I created a fork to work on this issue, but I don't have enough expertise in how to test it on my own,because I'm just a beginner, but here's what I changed (Not tested)

@Override
public int read(byte[] b, int off, int len) throws IOException {
    if (len == 0) {
        return 0;
    }
    int c = read();
    if (c == -1) {
        return -1;
    }
    b[off] = (byte) (c & 0xFF);
    b[off + 1] = (byte) ((c >> 8) & 0xFF);
    int i = 2;
    try {
        for (; i < len * 2; i += 2) {
            if (c == '\n') {
                break;
            }
            c = read();
            if (c == -1) {
                break;
            }
            b[off + i] = (byte) (c & 0xFF);
            b[off + i + 1] = (byte) ((c >> 8) & 0xFF);
        }
    } catch (IOException ignored) {
    }
    return i;
}

Glad to be of any help to you.

aaaaaa2493 commented 4 years ago

@msmilkshake Hi! That's an interesting problem. Does your solution work on your code meaning with this fix do you actually get correct input /connect \"Linka C\" \"I.P.Pavlova\" \"Linka A\" \"Petřiny\" ?

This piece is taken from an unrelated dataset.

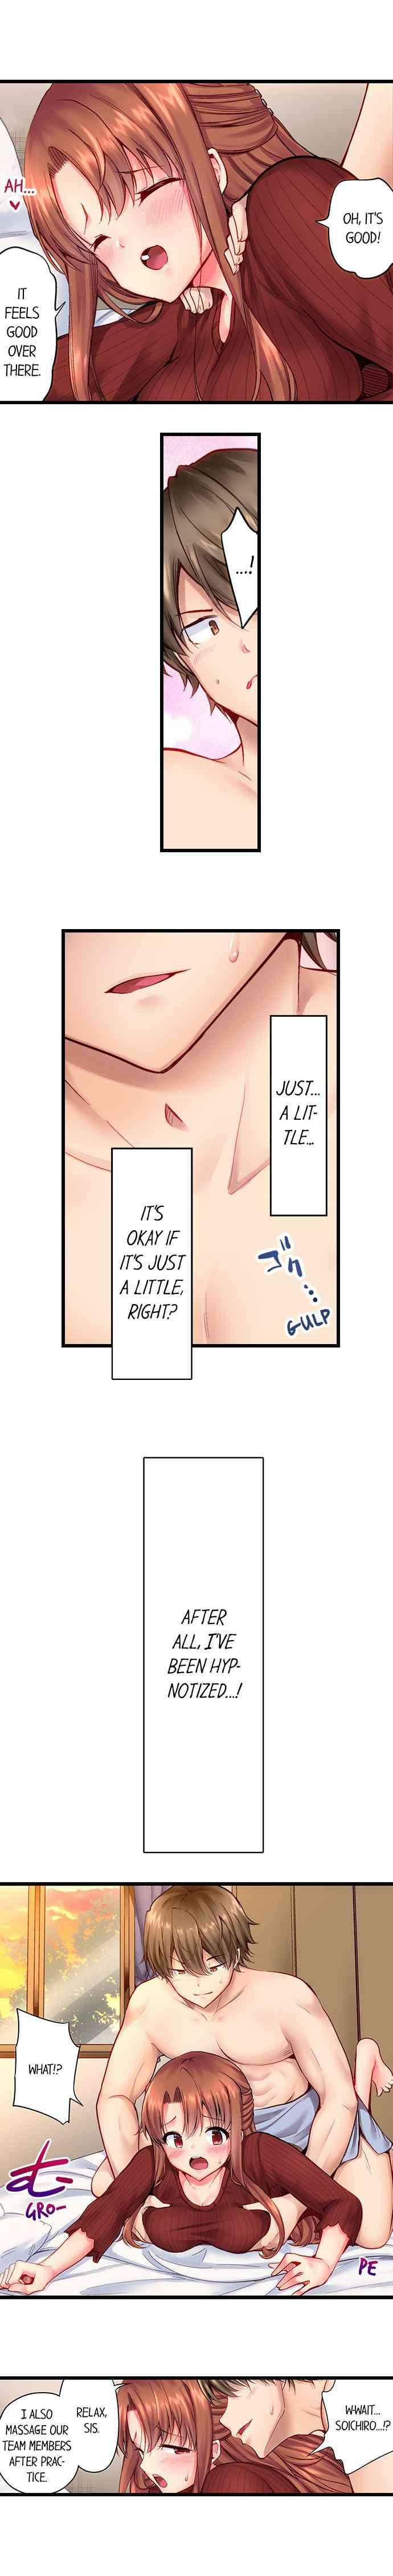 [Yuuki HB] "Hypnotized" Sex with My Brother Ch.21/? [English] [Ongoing] 14
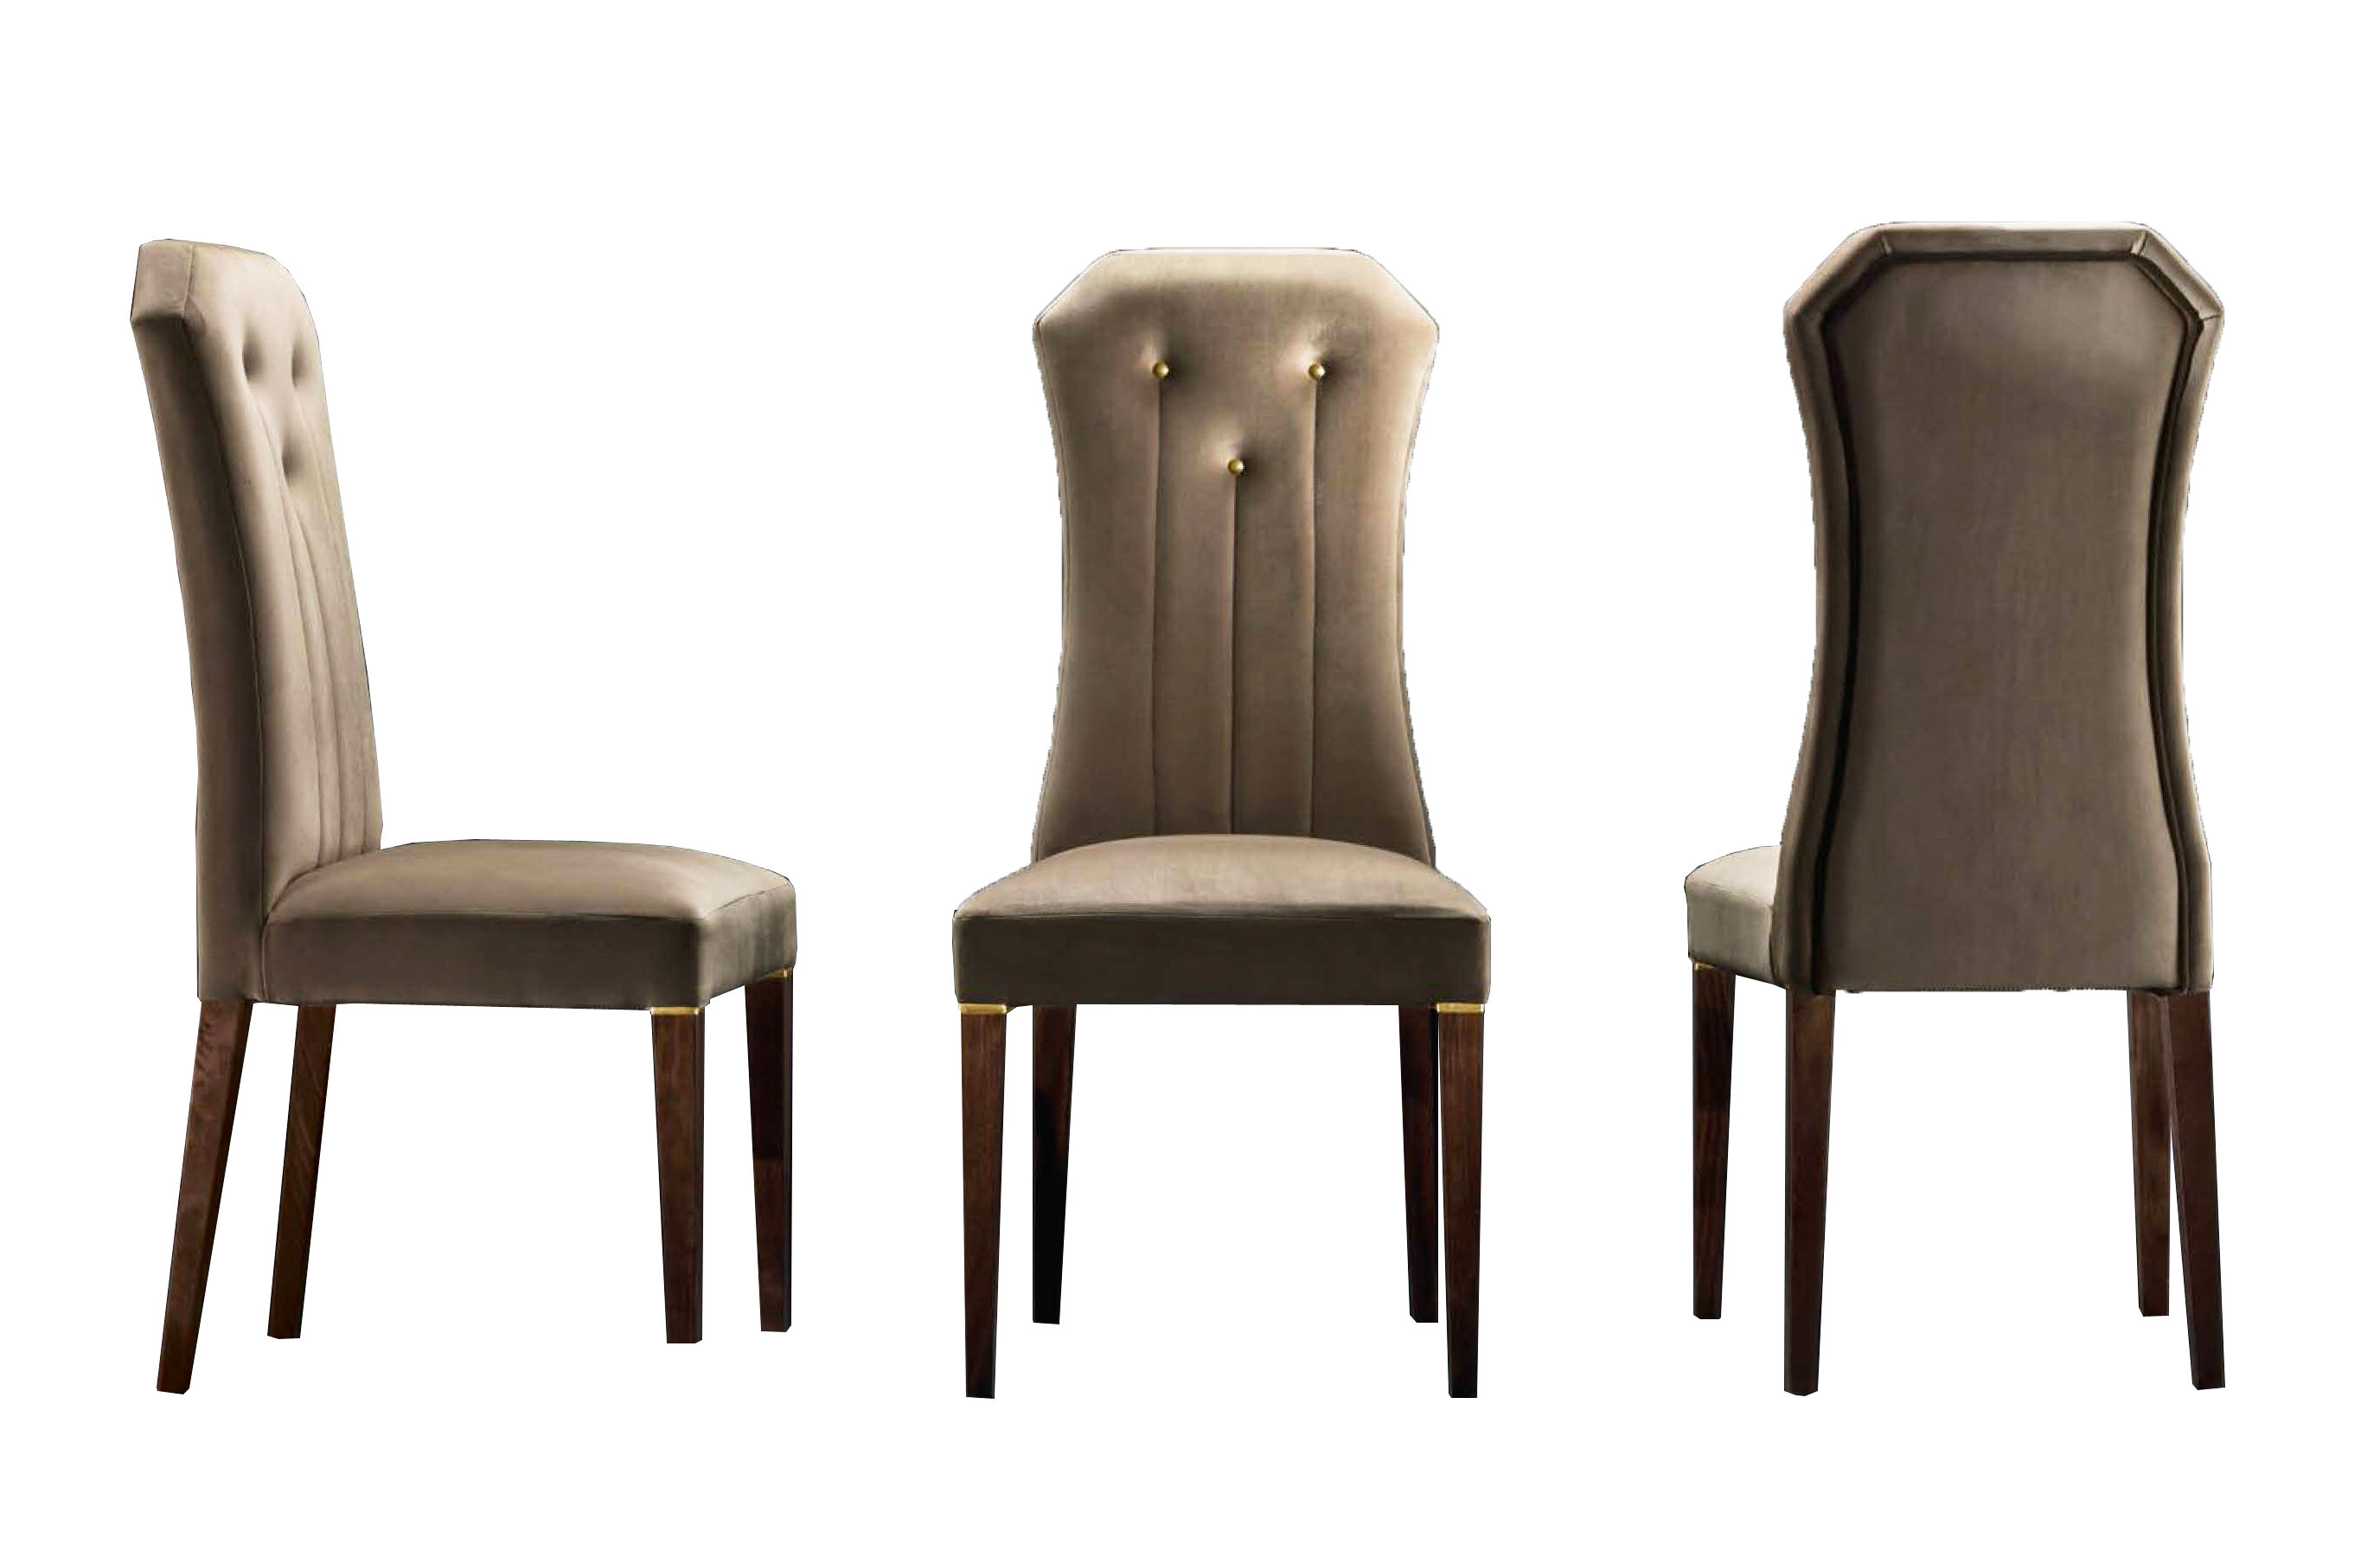 Brands Arredoclassic Living Room, Italy Diamante Dining Chair by Arredoclassic

msmilkshake commented 4 years ago

@aaaaaa2493 no, it didn't work. I tried several approaches, but I am just too newbie to come to a proper solution. But all chars should be interpreted as two bytes, at least for the problem not to be a problem.

msmilkshake commented 4 years ago

Maybe a complete rethink of the whole input / output Mocks can be the key to fix this...

msmilkshake commented 4 years ago

@aaaaaa2493 could you add me on discord? HeyMilkshake#0270 I have some code that is very close to the solution of this, but it ends up displaying wrong encoded chars..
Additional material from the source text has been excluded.